Моя соседка странно затихла, однако громко дышит и глубоко сопит… Она храпит? Наташа действительно размякла и, как сладкий сахарок, раскисла. Устроившись на мягких креслах, прислонив свою голову к моему плечу, и смешно, по-детски, сведя вместе заточенные в элегантные босоножки узенькие ножки, скрестив руки на животе, спокойно спит. Да ты заразная зараза, Черепашка! Хмыкаю
Глава 13
Наташа и я. II
Снаружи Вадим прикуривает третью сигарету, а я, не шелохнувшись, не издавая ни единого звука, контролируя свое дыхание, сижу рядом с Наташкой, монотонно двигая своей щекой по ее парующей макушке. Тепло и мягко, мягко и спокойно, спокойно и опять тепло. Шевцова спит. Спит ведь мерзавка, а я не дремлющем цербером рядом с ней сижу. Вот это вечер! Вот это, я понимаю, загляденье!
«Ты можешь быть свободен, Вадим» — набиваю одним пальцем сообщение водителю. Нажимаю кнопку «Отправить» и слежу за тем, как мое «доверенное лицо» запускает руку во внутренний карман своего пиджака и экранной подсветкой озаряет уставшее за целый день и полный вечер лицо. По-моему, Вадик не удивлен моим посланием, скорее наоборот, он его, похоже, ждал и где-то даже надеялся на такое содержание. Видно, я его задрал.
«Машина останется с Вами?» — скупой простой ответ шофера.
«Да. Все нормально. Два дня, максимум, в моем полном распоряжении. В понедельник заеду за тобой сам. Насладишься услугами непрофессионала. Сейчас на такси деньги-то есть?» — улыбаясь, еще одно сообщение отстукиваю.
«Да, Григорий Александрович, все есть» — через несколько секунд приходит новое уведомление от того же отправителя.
«Не обижайся. Извини. Так получилось. Она спит, а я не хочу ее будить».

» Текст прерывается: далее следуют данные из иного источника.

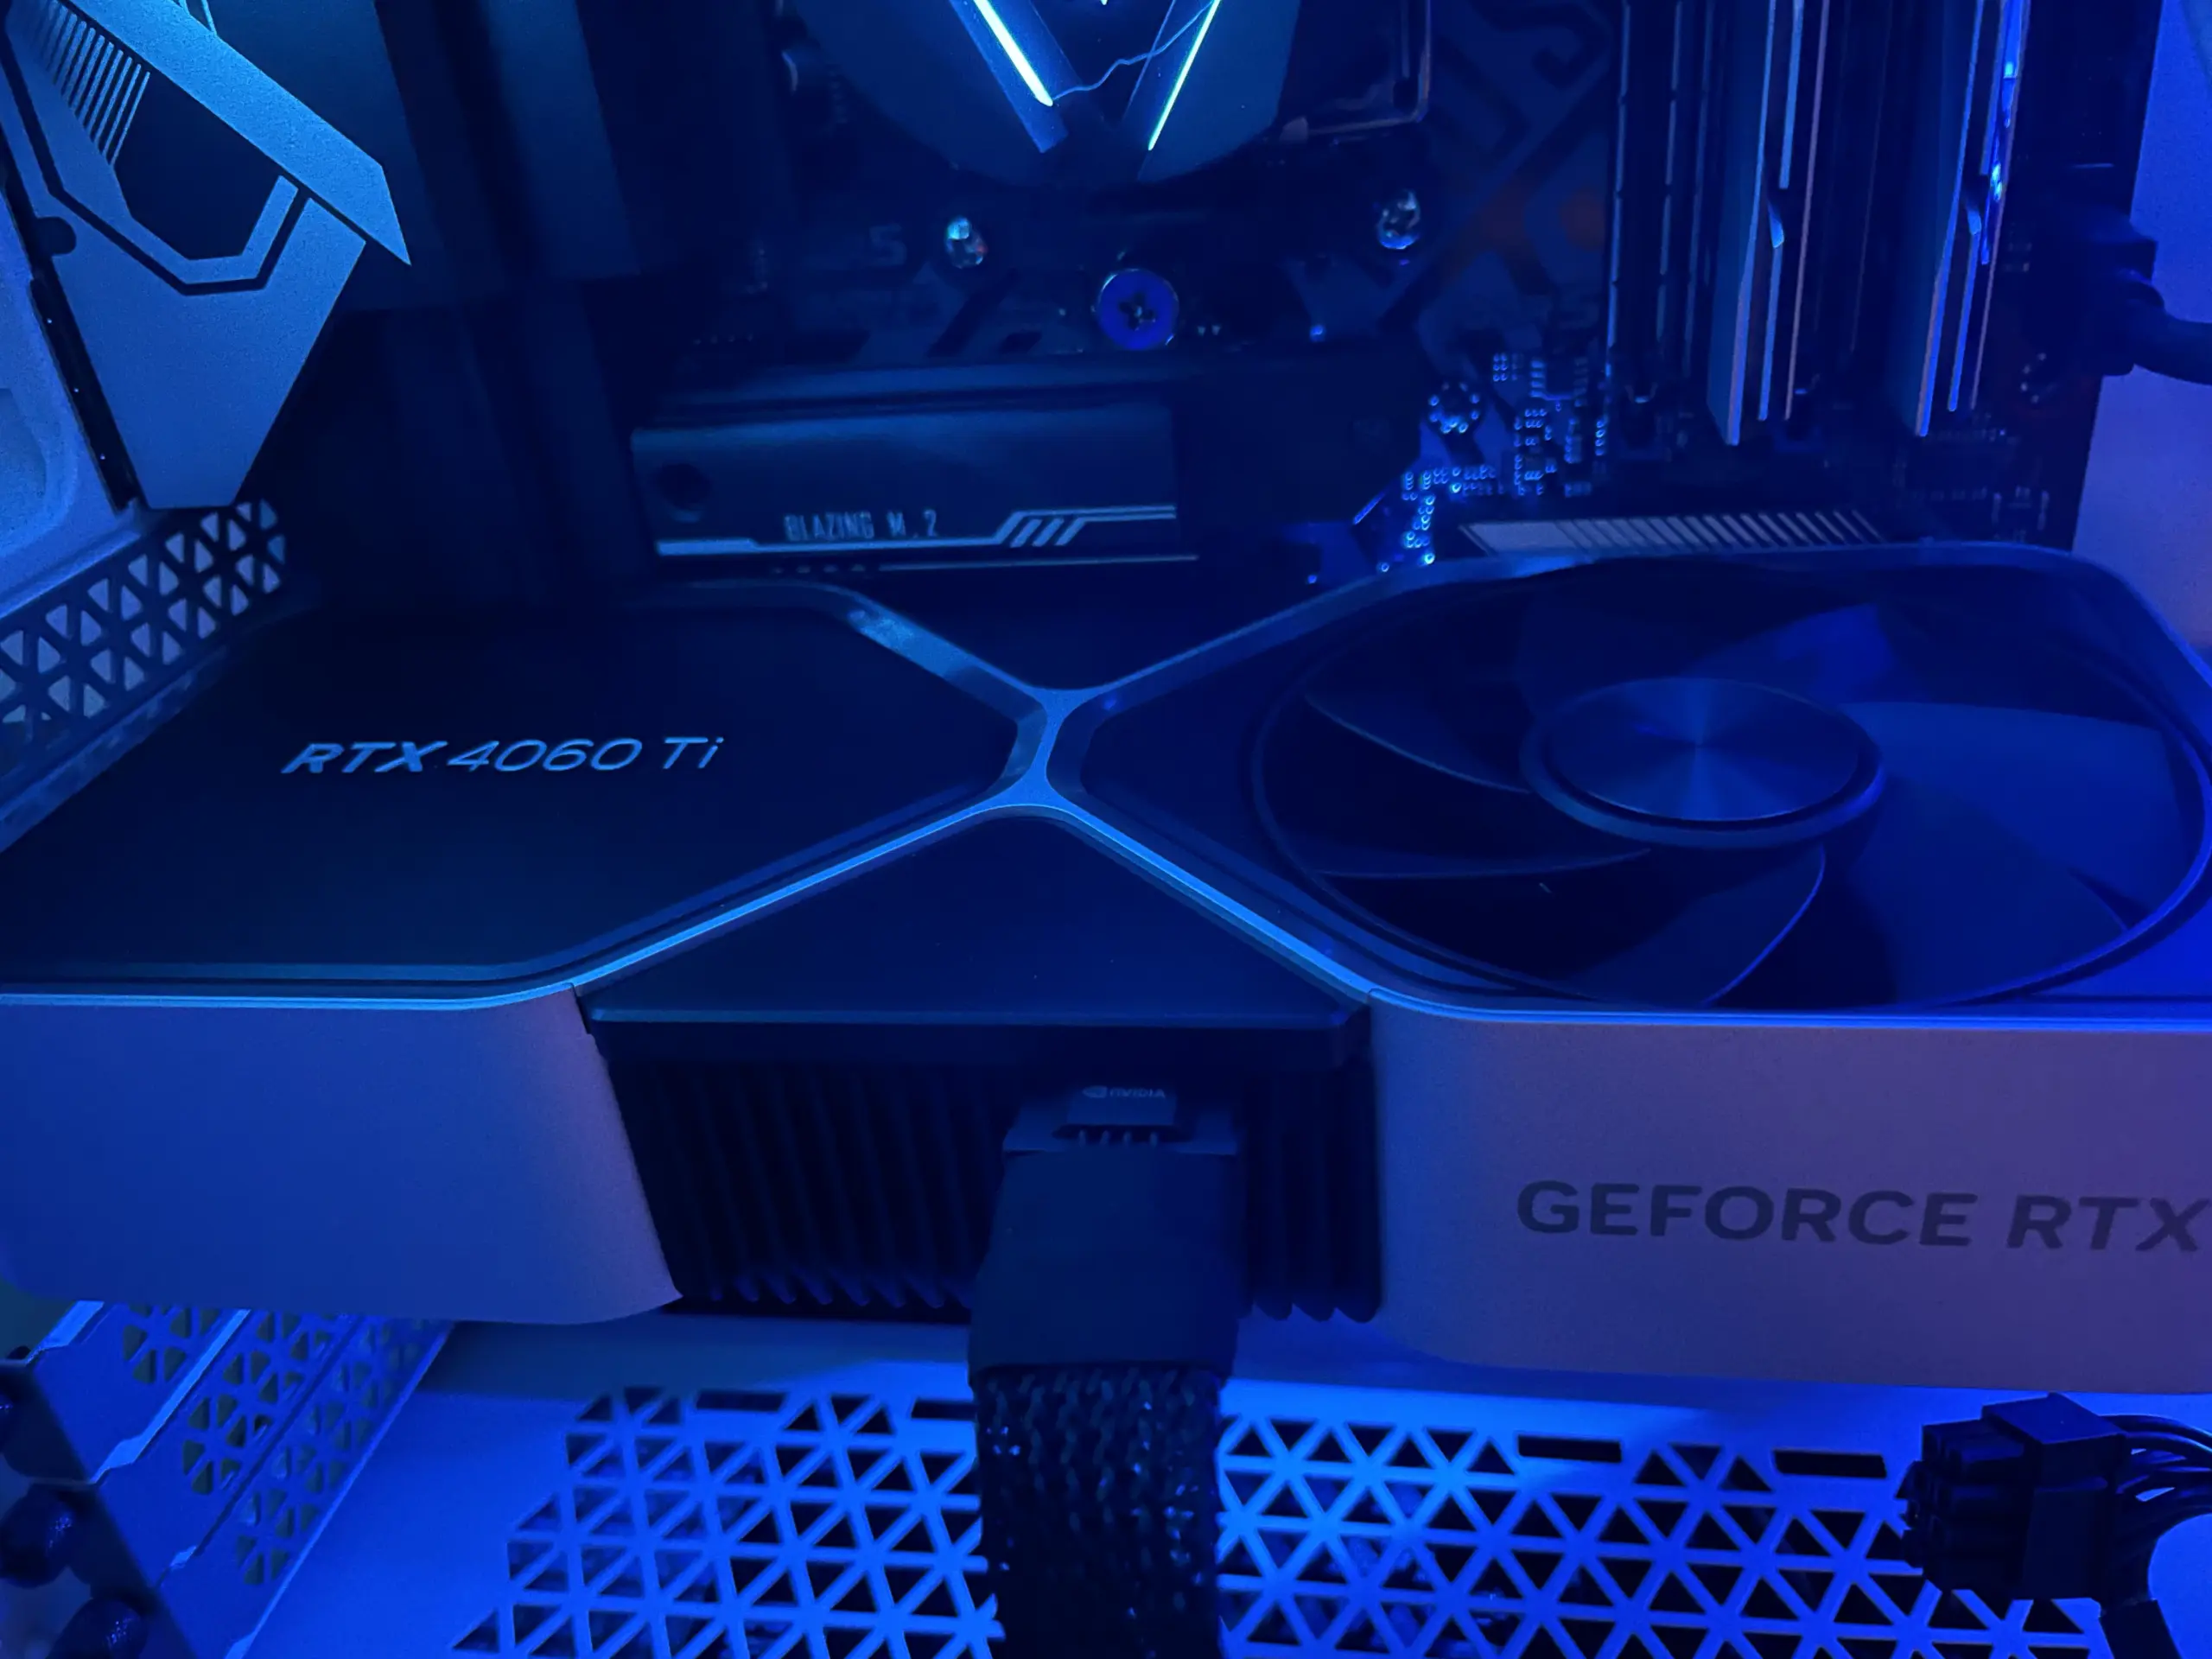 GeForce RTX 4060 Ti Vs 4070 - Which is the true value for money
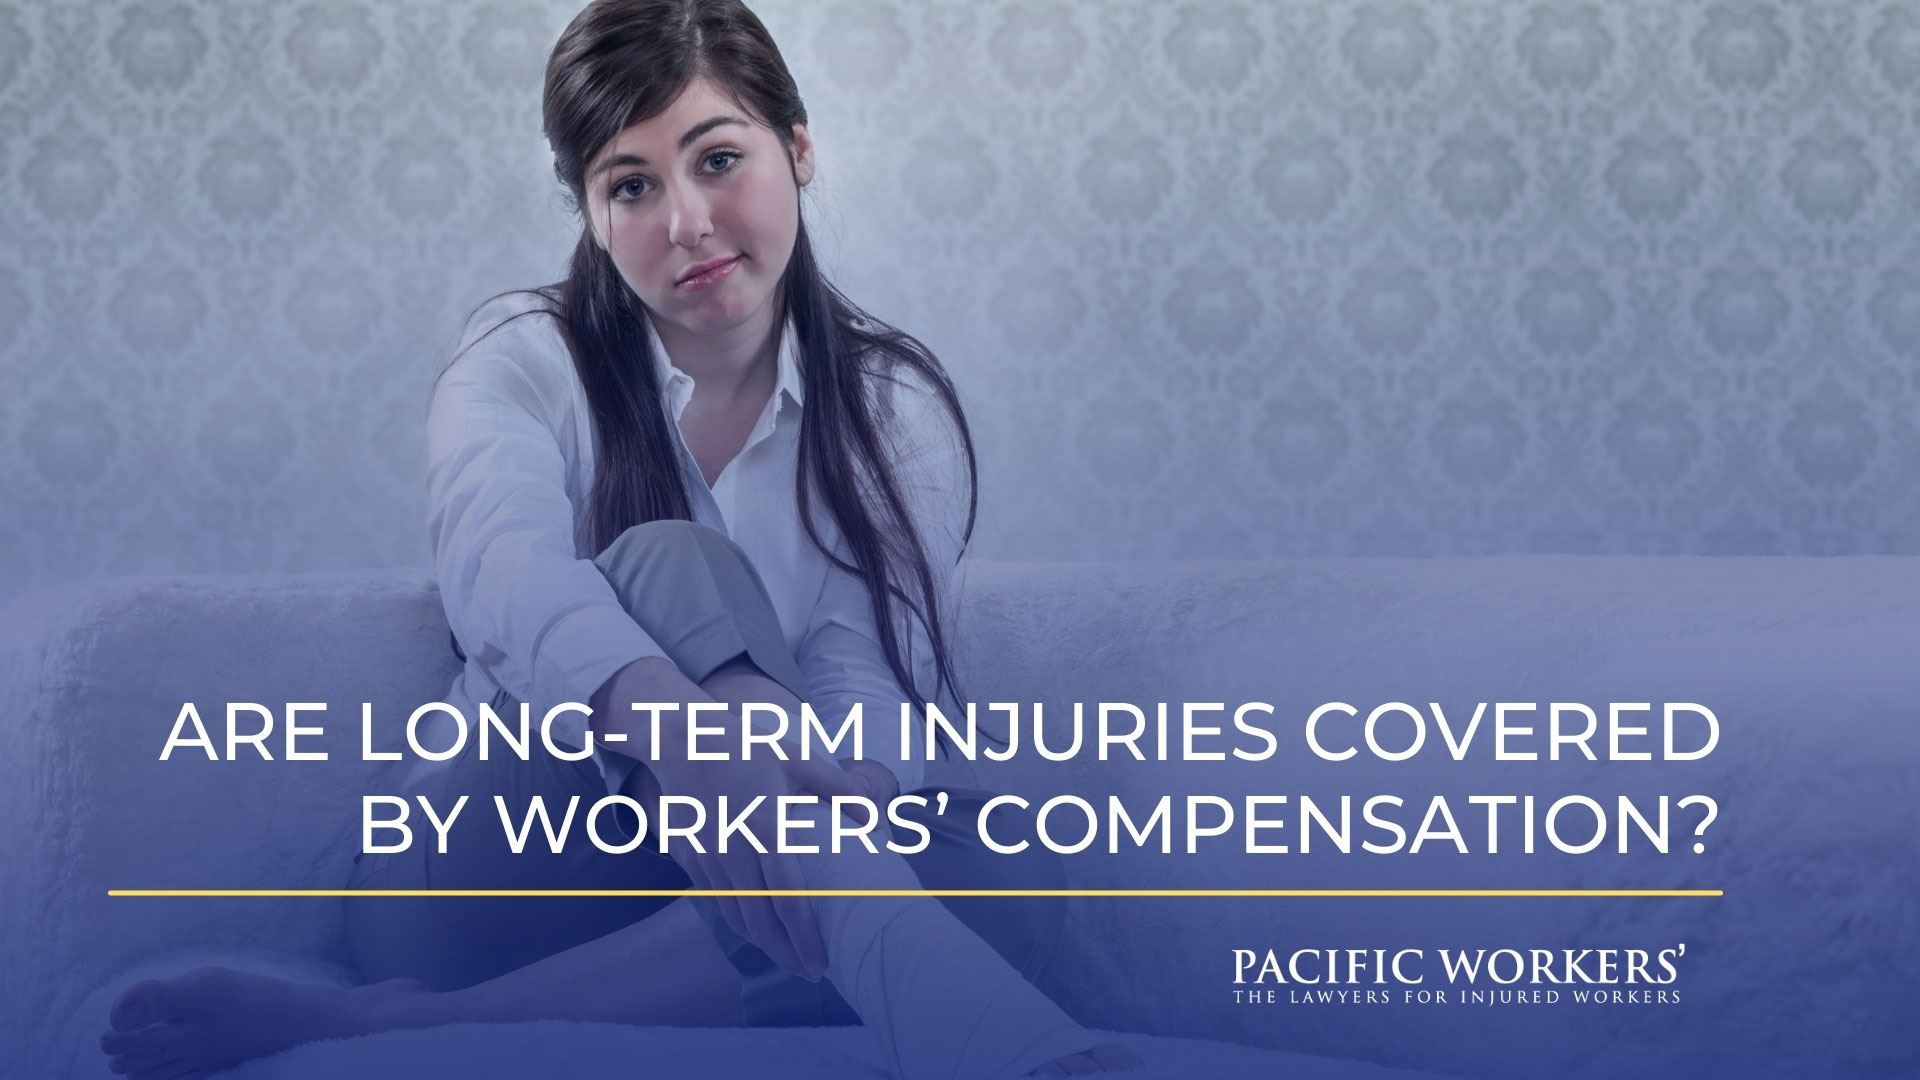 Are Long-Term Injuries Covered by Workers’ Compensation?

Так, видимо, и проведем всю ночь в этой комфортабельной только лишь для не слишком длинных и исключительно служебных переездов машине.
«До свидания, Григорий Александрович. Спокойной ночи!».
«И тебе спокойного вечера, Вадим!».
Водитель отталкивается руками от автомобильного капота, дергая плечами, поправляет пиджак, и ни разу не обернувшись и не взглянув на тонированные стекла, отправляется домой. Его работа на сегодня окончена, а завтра — у Вадима выходной!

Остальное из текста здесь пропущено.